Let’s open the hangar doors.
2. Introduction – From Tractor Pumps to Fighter Jets
Dynamatic Technologies Ltd started in 1973 making hydraulic gear pumps. Very mechanical. Very boring. Very profitable once upon a time.
Fast forward to FY24 — aerospace now contributes 36% of revenue. In FY15, it was just 16%.
That’s not evolution. That’s a career switch.
The company now operates 9 manufacturing facilities across India, UK, and Germany. It serves clients like Airbus, Boeing, Dassault, HAL, BMW, Audi, John Deere — basically the guest list of a global manufacturing party.
Geographically, revenue split:
Europe (ex-UK): 37%
India: 23%
UK: 19%
US: 11%
Canada + ROW: 10%
This isn’t a domestic-only midcap. This is a globally exposed industrial manufacturer.
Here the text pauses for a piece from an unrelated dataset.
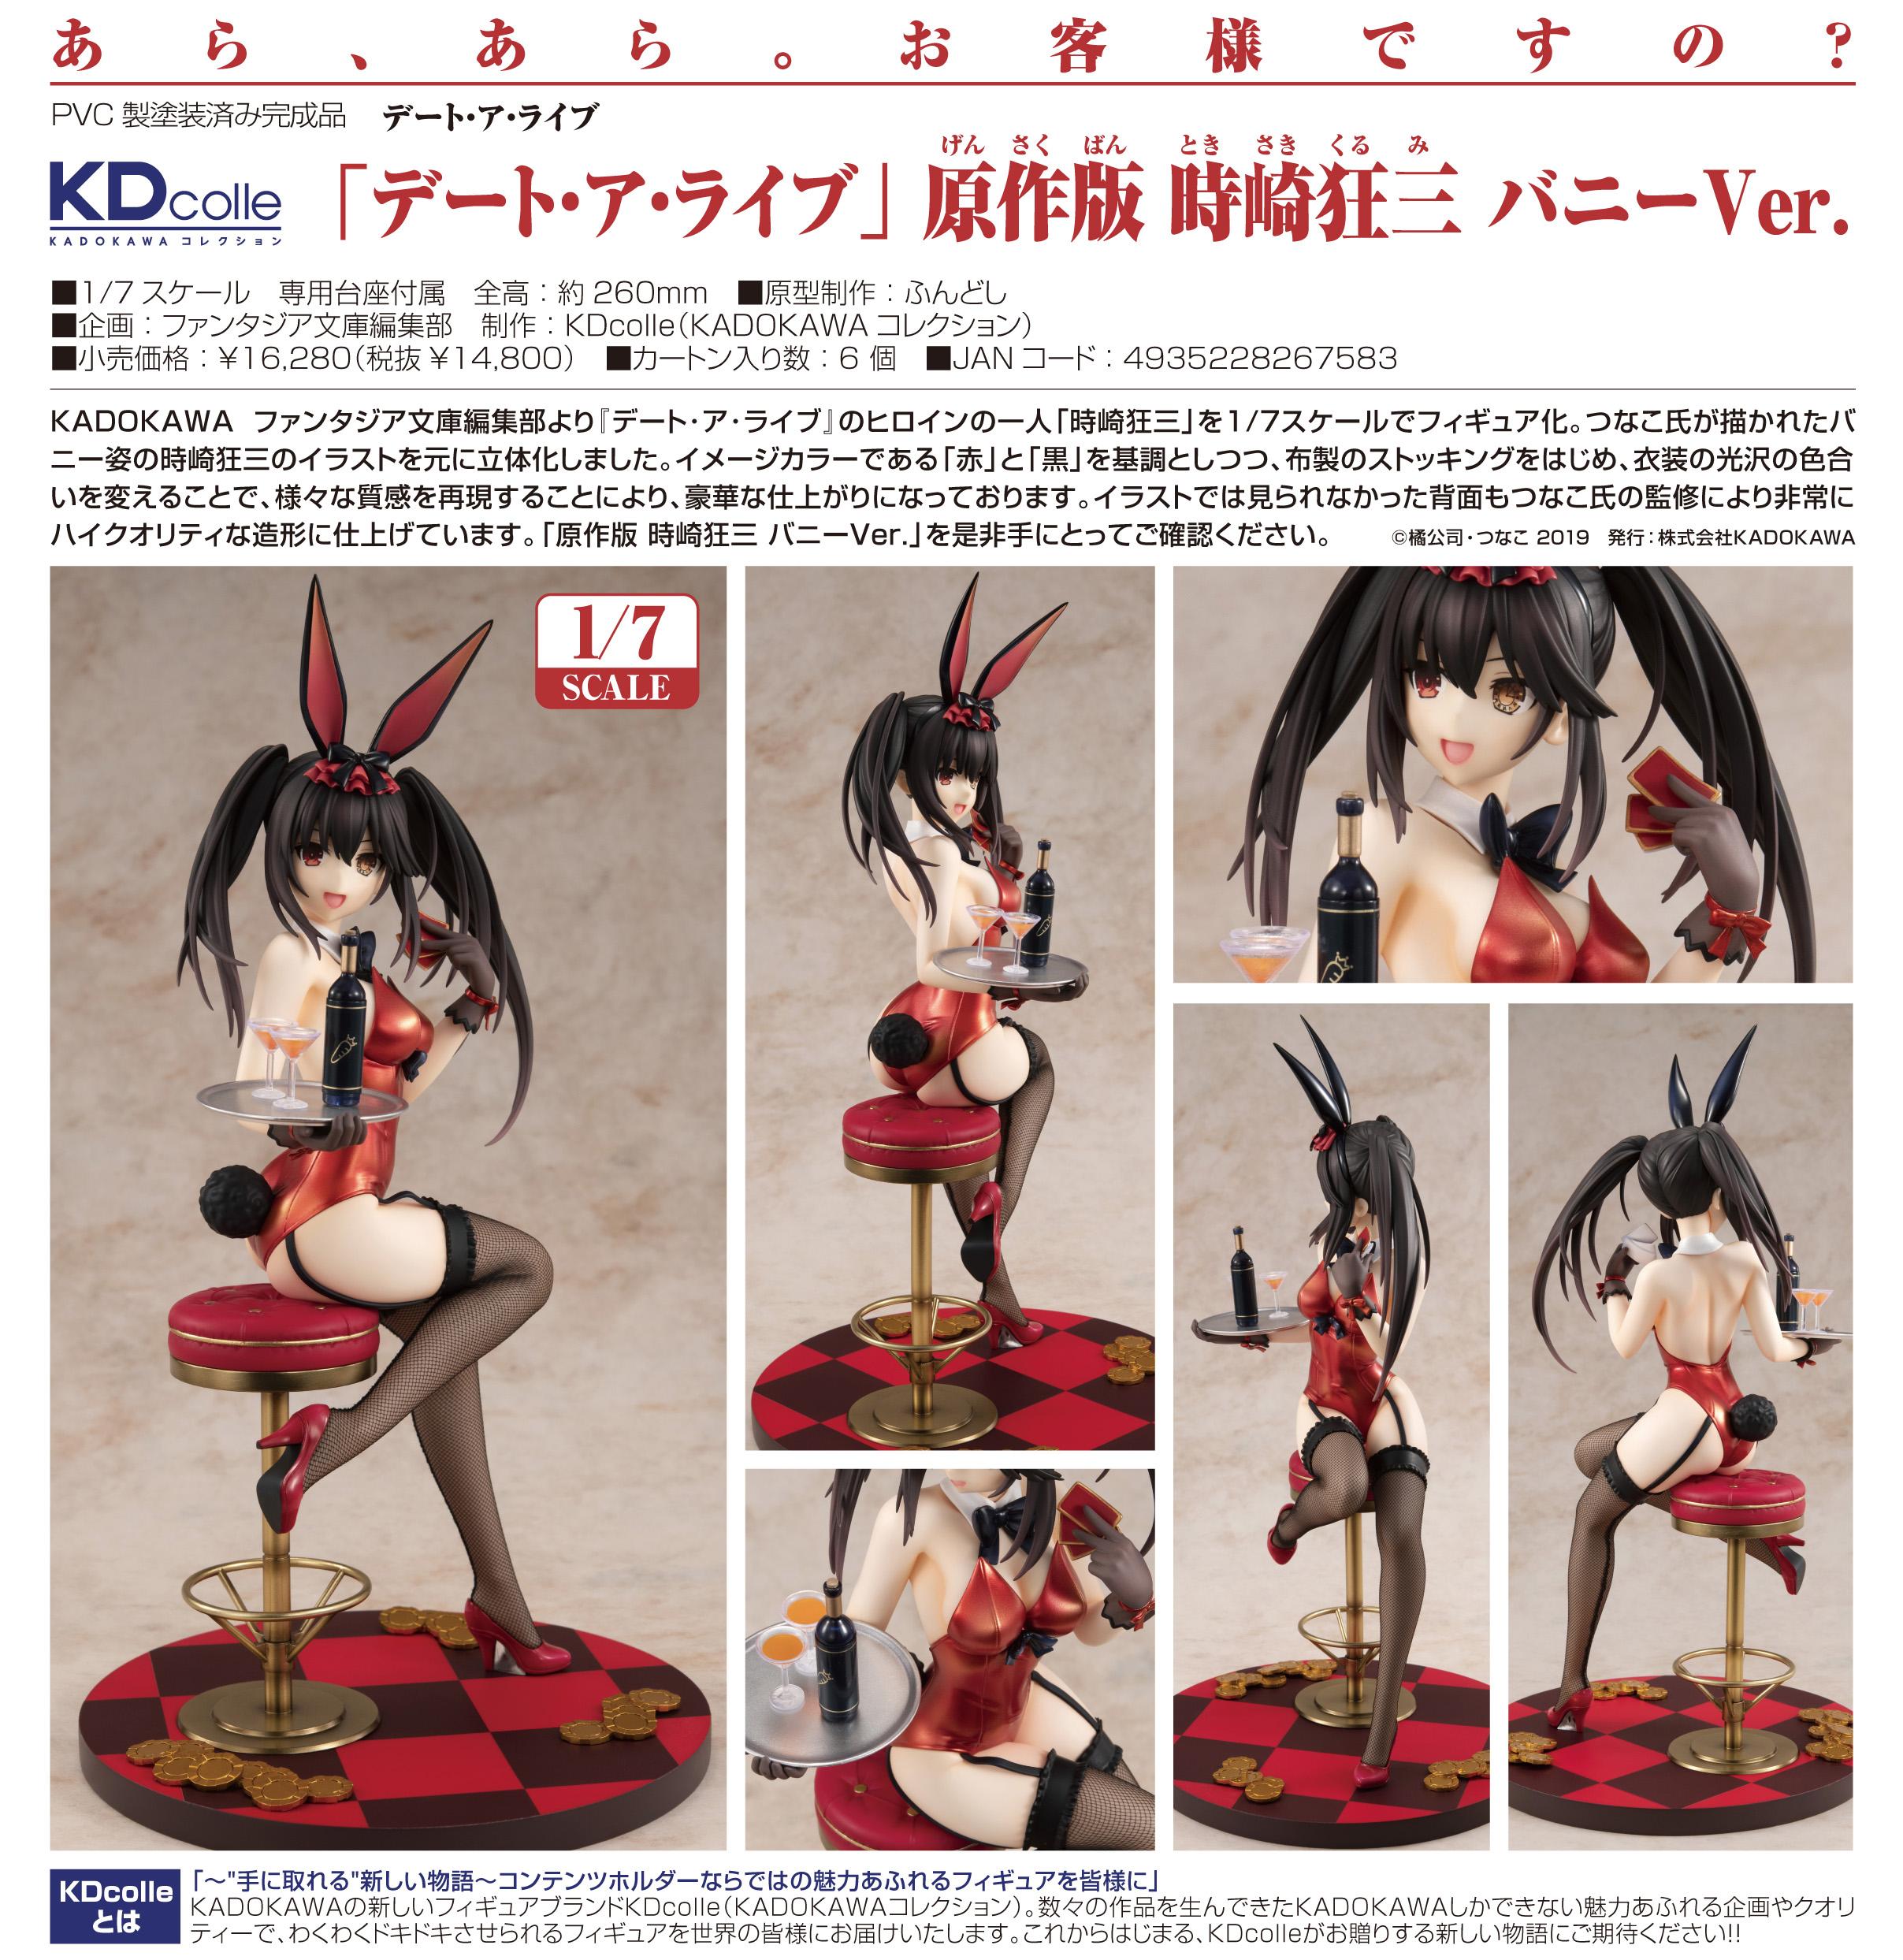 約會大作戰 KDcolle 1/7「時崎狂三」Bunny KDcolle 1/7 Original Edition Tokisaki Kurumi Bunny Ver.【Date A Live】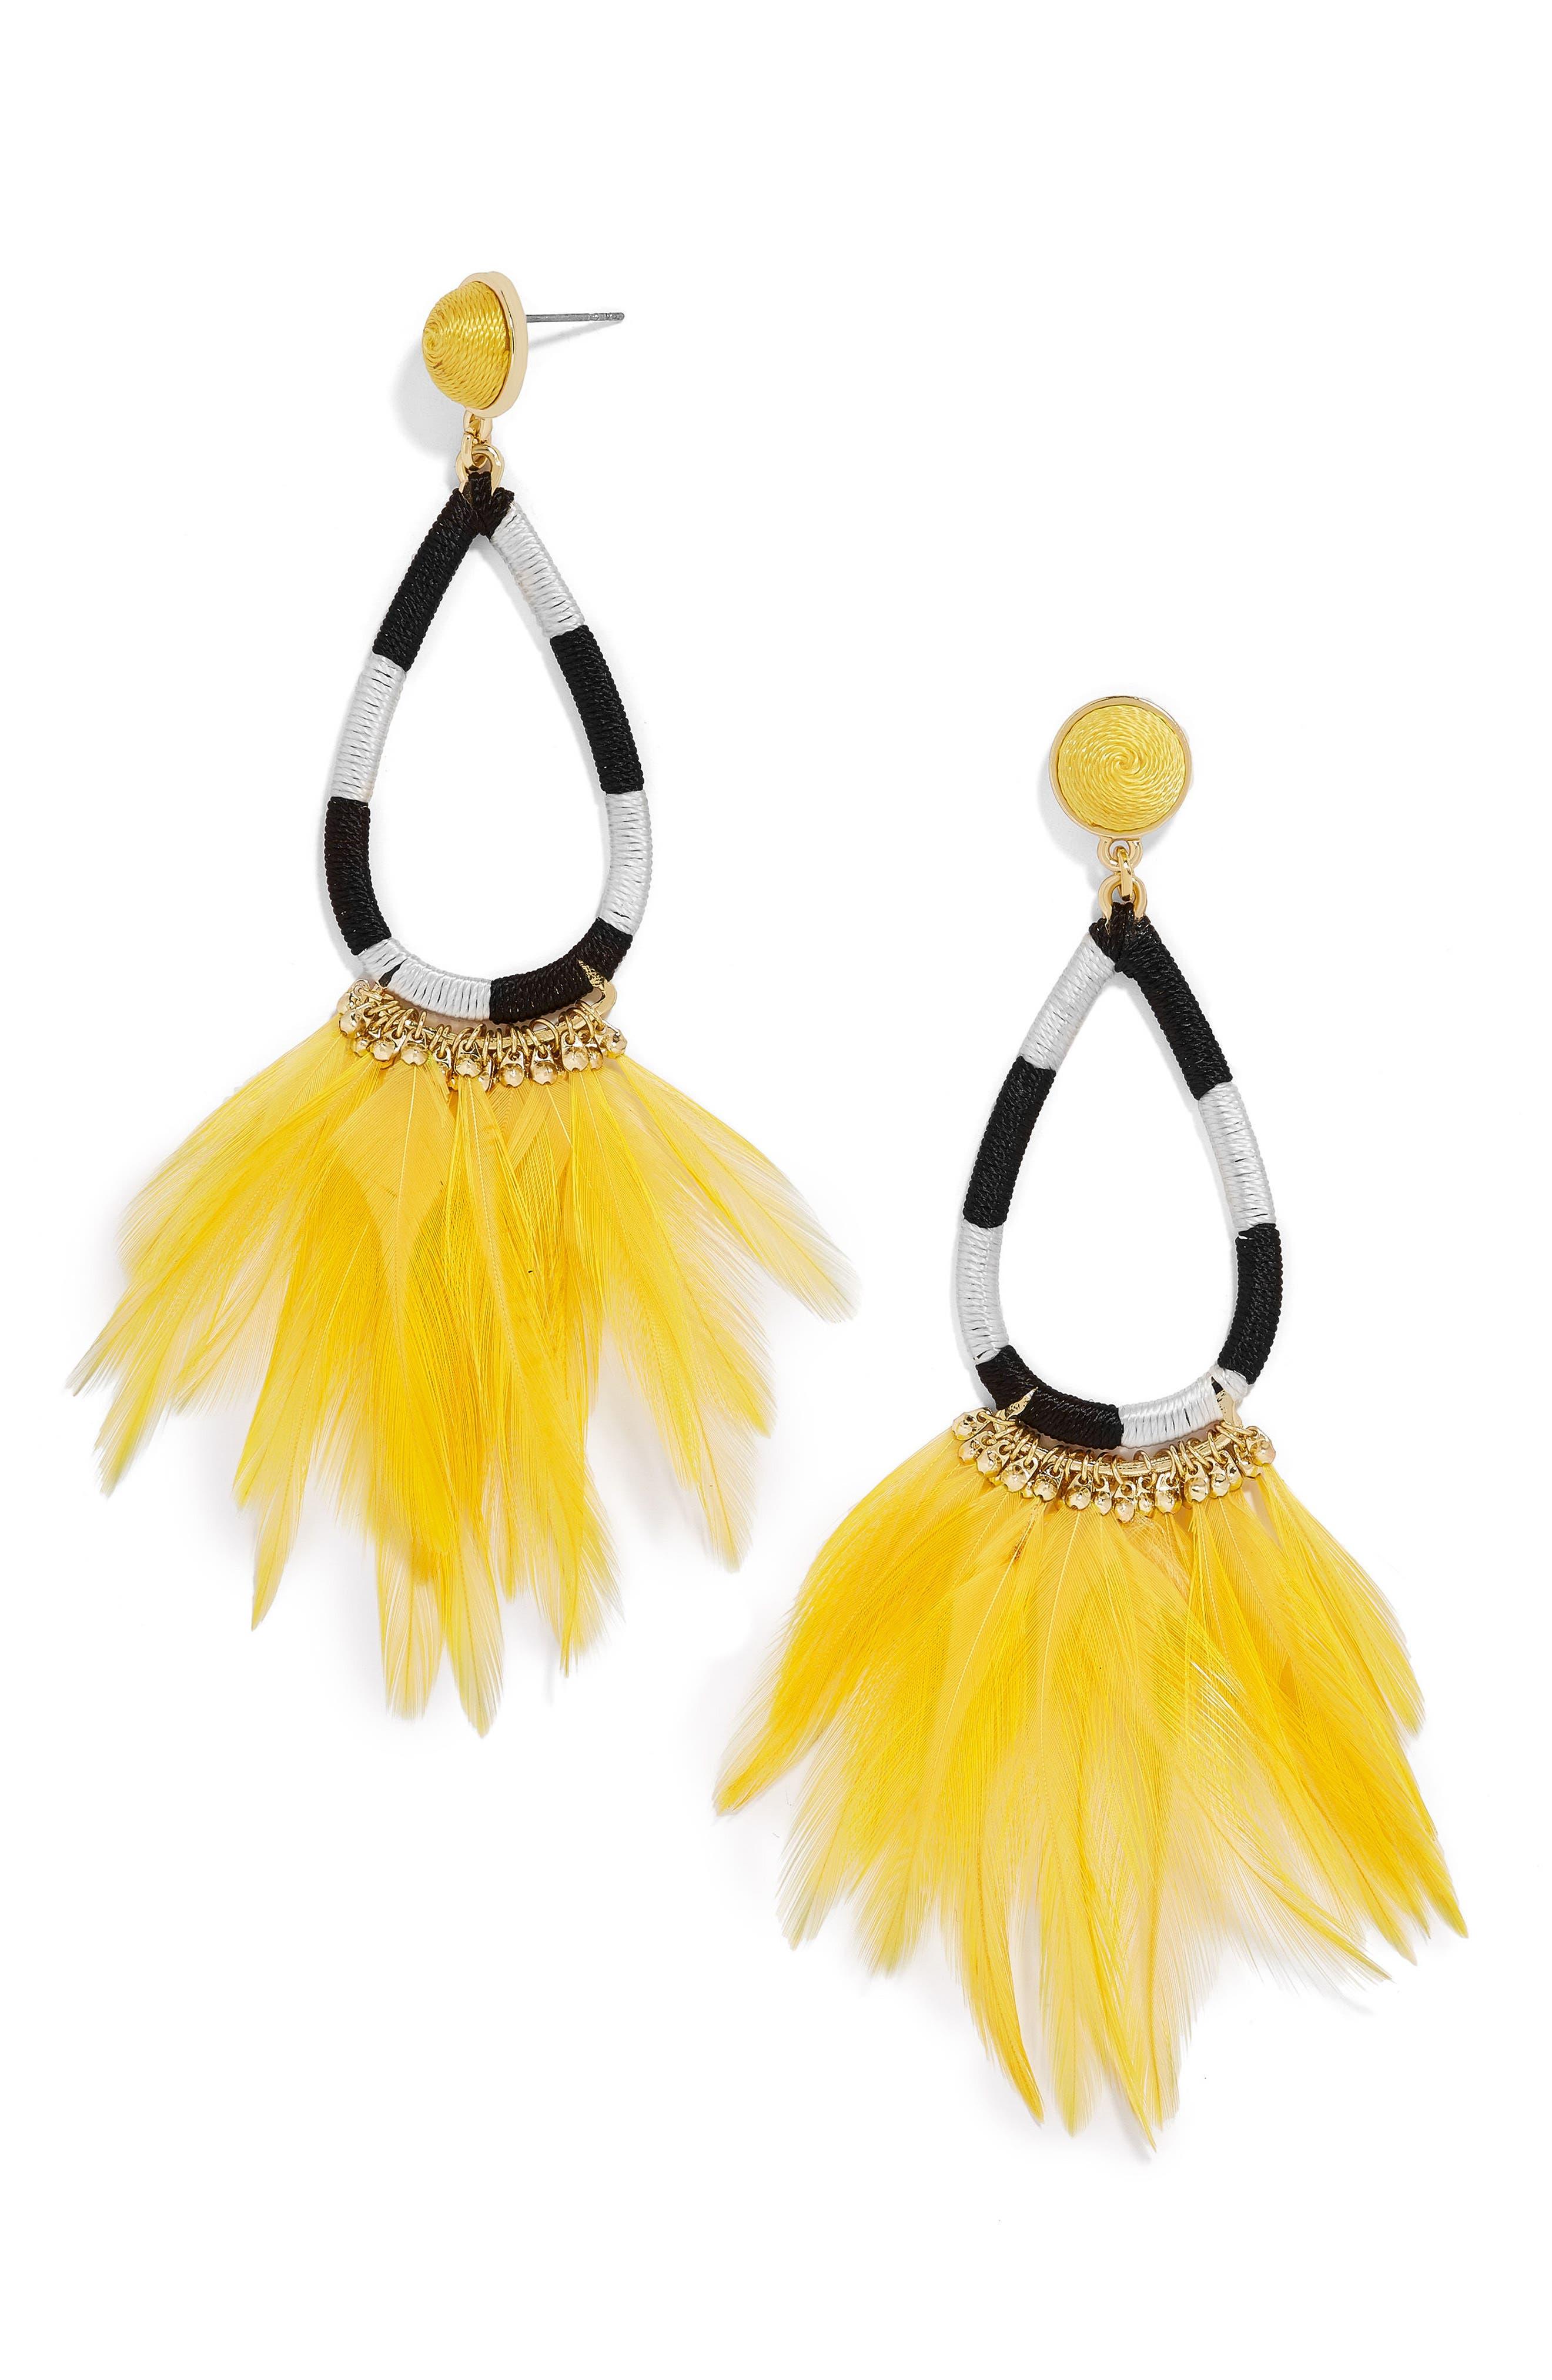 Alternate Image 1 Selected - BaubleBar Marigold Feather Shoulder Duster Earrings

But here’s the contradiction:
Global clients
Defence partnerships
Aerospace expansion
Massive contracts
Yet ROE is 6.21%.
Are we looking at a company in transformation mode? Or one still learning how to convert engineering brilliance into shareholder returns?
Let’s decode.
3. Business Model – WTF Do They Even Do?
Alright, imagine three businesses living under one roof:
1️ Hydraulics (31% of FY24 revenue)
They manufacture:
Hydraulic valves
Gear pumps
Fixed displacement pumps
Fan drive systems
They hold:
80% share in Indian OEM tractor market
38% share in global tractor market
That’s serious dominance. If tractors had Instagram, this company would be verified.
2️ Metallurgy (33%)
Casting and forging of:
Intake manifolds
Exhaust manifolds
Case fronts
Clients include Audi, BMW, Daimler, Volkswagen.
Translation: They supply components that sit inside engines and silently do their job.
Not glamorous. But critical.
3️ Aerospace (36%)
Now this is where the glamour is.
They manufacture:
Wings
Rear fuselages
Ailerons
Wing flaps
Airbus A220 doors
Falcon 6X aerostructures
They’ve:
Relocated aerospace facility near Bangalore International Airport (FY24)
Entered partnership with Deutsche Aircraft for D328eco rear fuselage
Signed long-term deals for Airbus A220
Onboarded as exclusive partner for AMCA 5th-gen fighter program (via L&T-BEL consortium)
This is serious defence positioning.
But here’s your question:
If aerospace is growing… Why is ROCE still under 9%?
Are margins yet to kick in? Or is capital intensity eating returns?